Ika dzięki icon_smile.gif mam nadzieję, że i u mnie to właśnie o te sutki chodzi. W sumie to już jest lepiej bo krwi była już znikoma ilość i tylko po karmieniu lewą piersią, także wszystko na to wskazuje że to jednak nic poważnego

Marta no właśnie widzisz chyba z przestawieniem na ten tryb przy karmieniu piersią nie będzie tak prosto, bo dzieci "cycowe" nie powinny mieć przerwy w jedzeniu dłuższej niż 6h (przynajmniej do pół roku zycia) hmm mojej siostrze położna poradziła aby w ciągu dnia przystawiać częściej małego do piersi np. zamiast co 3h to co 2,5 i u niej poskutkowało już po dwóch dniach i mały budzi się tylko raz w nocy ok 3. Zobaczymy popróbujemy icon_smile.gif

Anecznik kochana będzie dobrze zobaczysz przytul.gif na pewno noszenie tych szelek nie jest przyjemne dla maluszka, ale jestem pewna, że Igorek się do nich przyzwyczaji i nie będzie płakał. Mały mojej siostry też ma ten problem i już o 3 miesięcy nosi szelki i powiem ci że w niczym mu to nie przeszkadza jest cudownym uśmiechnietym chłopcem. A co do dokumentu do becikowego u nas też jest potrzebne zaświadczenie od gina, właśnie muszę do niego zadzwonić i umówić się na wizytę popołogową i załatwić to.
lissa
Ika dzięki bardzo będziemy próbować usypiać
Marta Lenutka słodka robi podobne minki do mojej Zosieńki, a swoją droga jakie ona ma pućki takie w sam raz do całowania.
Anecznik będzie dobrze
m4rusia
anecznik a na jakiej zasadzie "działają" te szelki?? O co w tym chodzi?? Szczerze powiem, że nie wiem
walizka
Anecznik - mam nadzieję, że Igor spokojnie przyjmie szelki. Nie podłamuj się icon_smile.gif Gratuluję patentu z nocnym karmieniem!
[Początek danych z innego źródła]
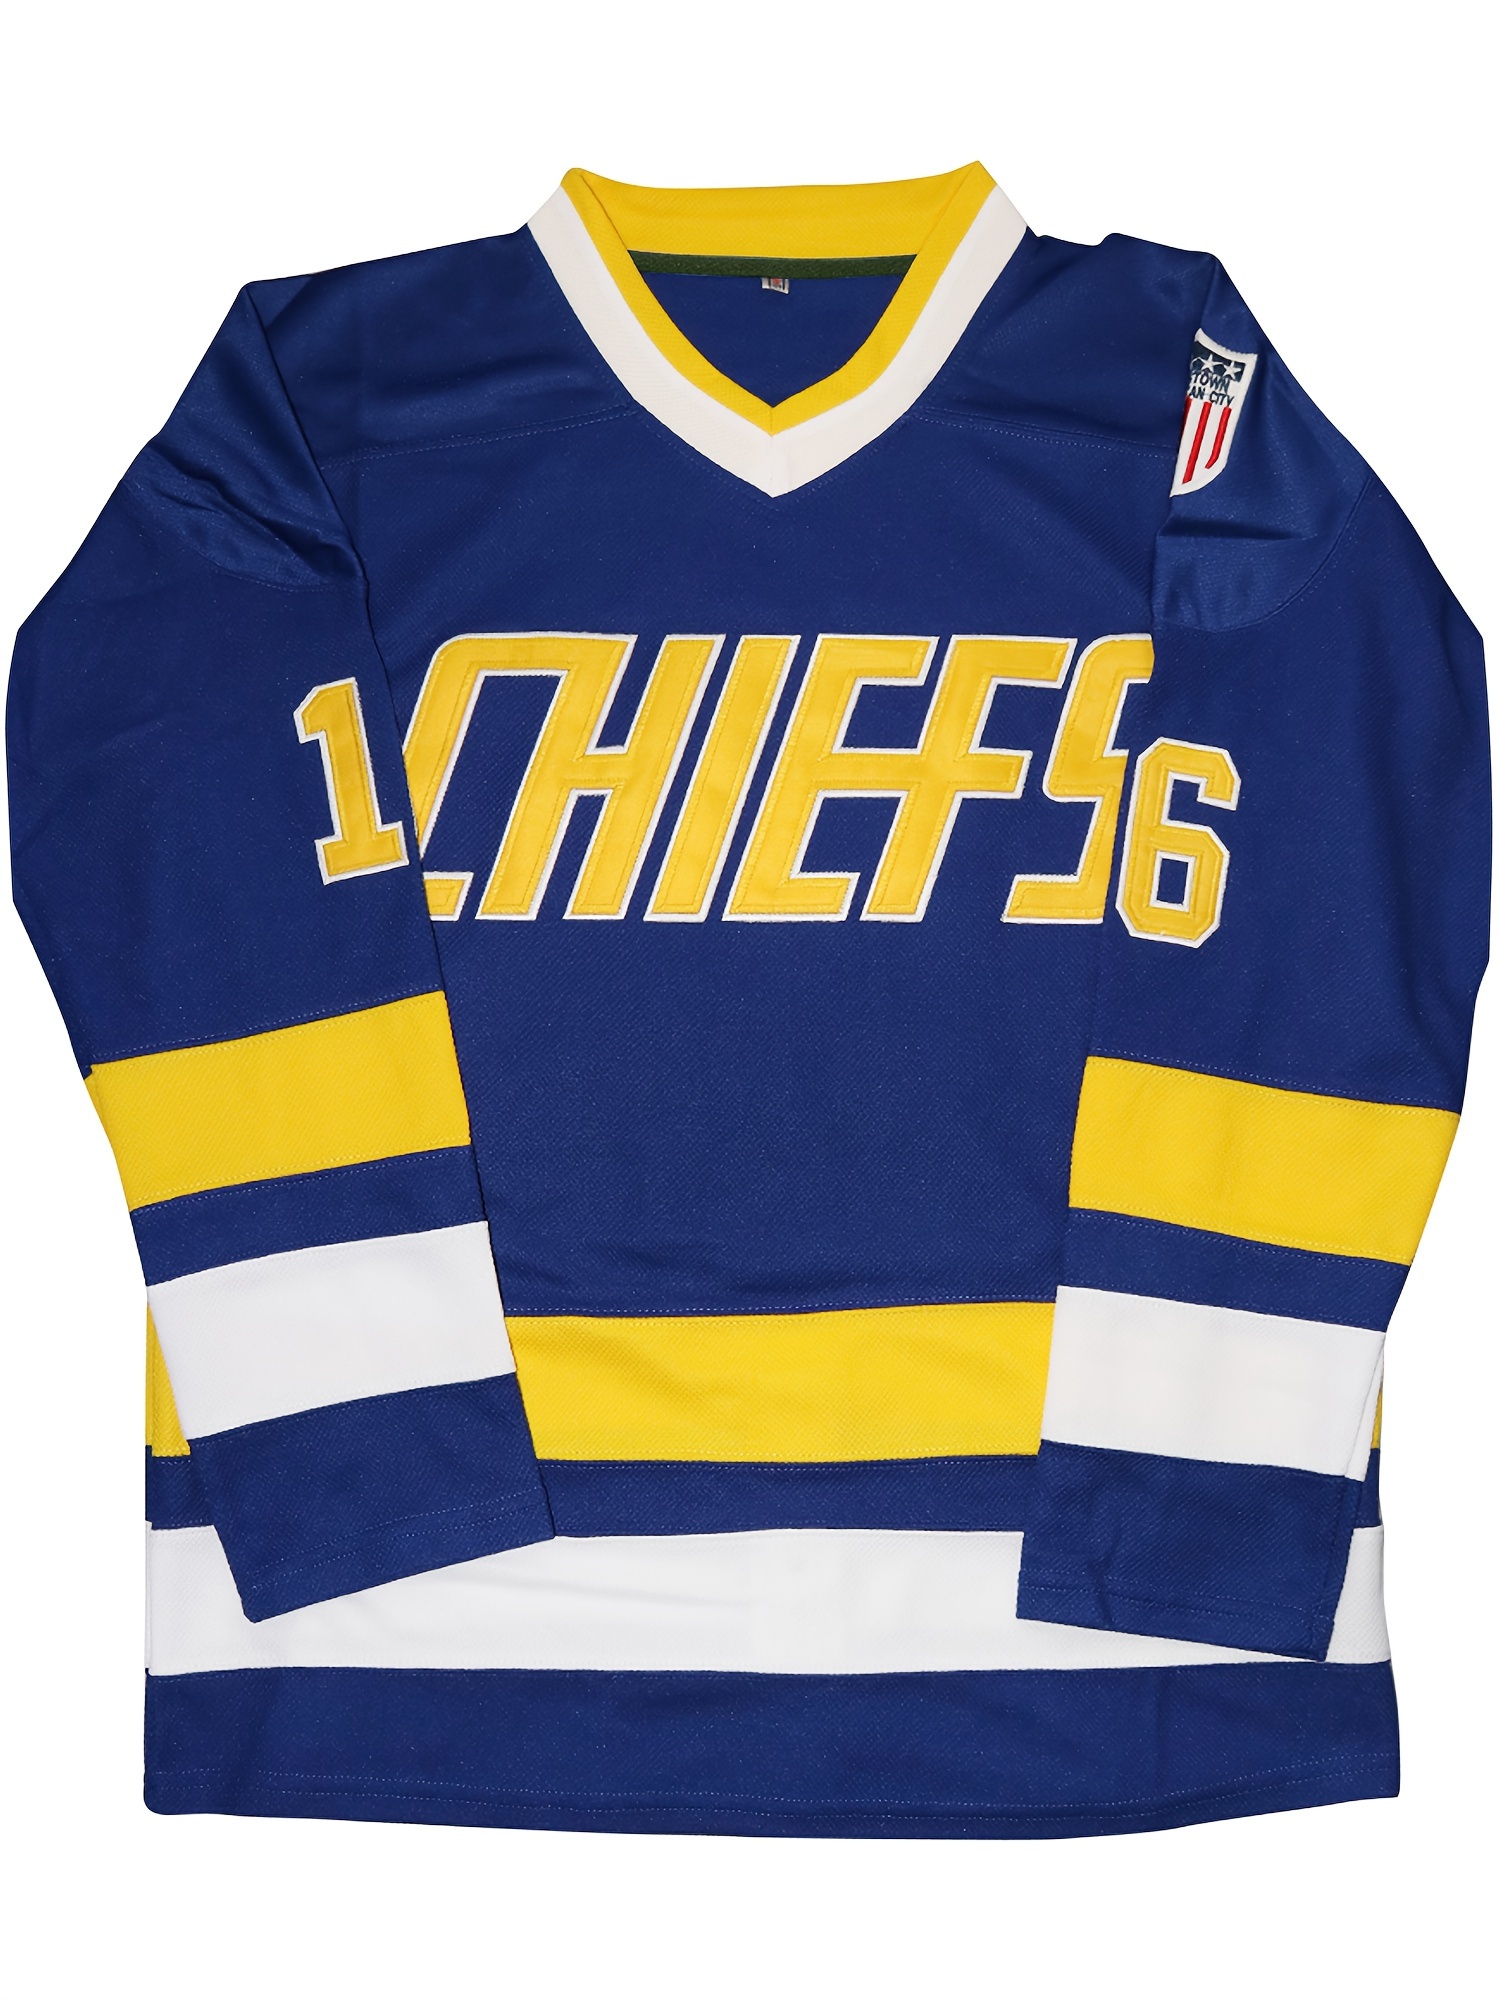 Mens Black #69 Shoresy Letterkenny Ice Hockey Jerseys Christmas Series  Embroidered Stitched Sweatshirt S-XXXL

Iwona - czekam na info, czy to faktycznie była krew z piersi. Mam nadzieję, że tak

U nas chyba sprawdzają się nutki od Iki i spacery, bo dziś Weronika przespała większość dnia - najpierw na spacerze, potem przy delfinach i potokach. A ja spałam sobie z nią, bo zarąbiście bolała mnie głowa. Za to teraz nieprędko zasnę icon_smile.gif

Do becikowego zaświadczenie od gina potrzebne. Dobrze, że już nie wymagają udokumentowania, że było się pod opieką lekarza od 10-go tygodnia, bo to był niezły absurd icon_smile.gif
emilly
Cześć dziewczyny.

U mnie czasu brak,ból pleców nadal jest,ale mogę już chodzić blagam.gif . Po tomografii wiadomo tylko,że kamienia w nerce brak i nie wiadomo skąd ten ból icon_sad.gif Wolałabym wiedzieć ,że to np. od neki a nie żyć w nieświadomości i szukać przyczyny...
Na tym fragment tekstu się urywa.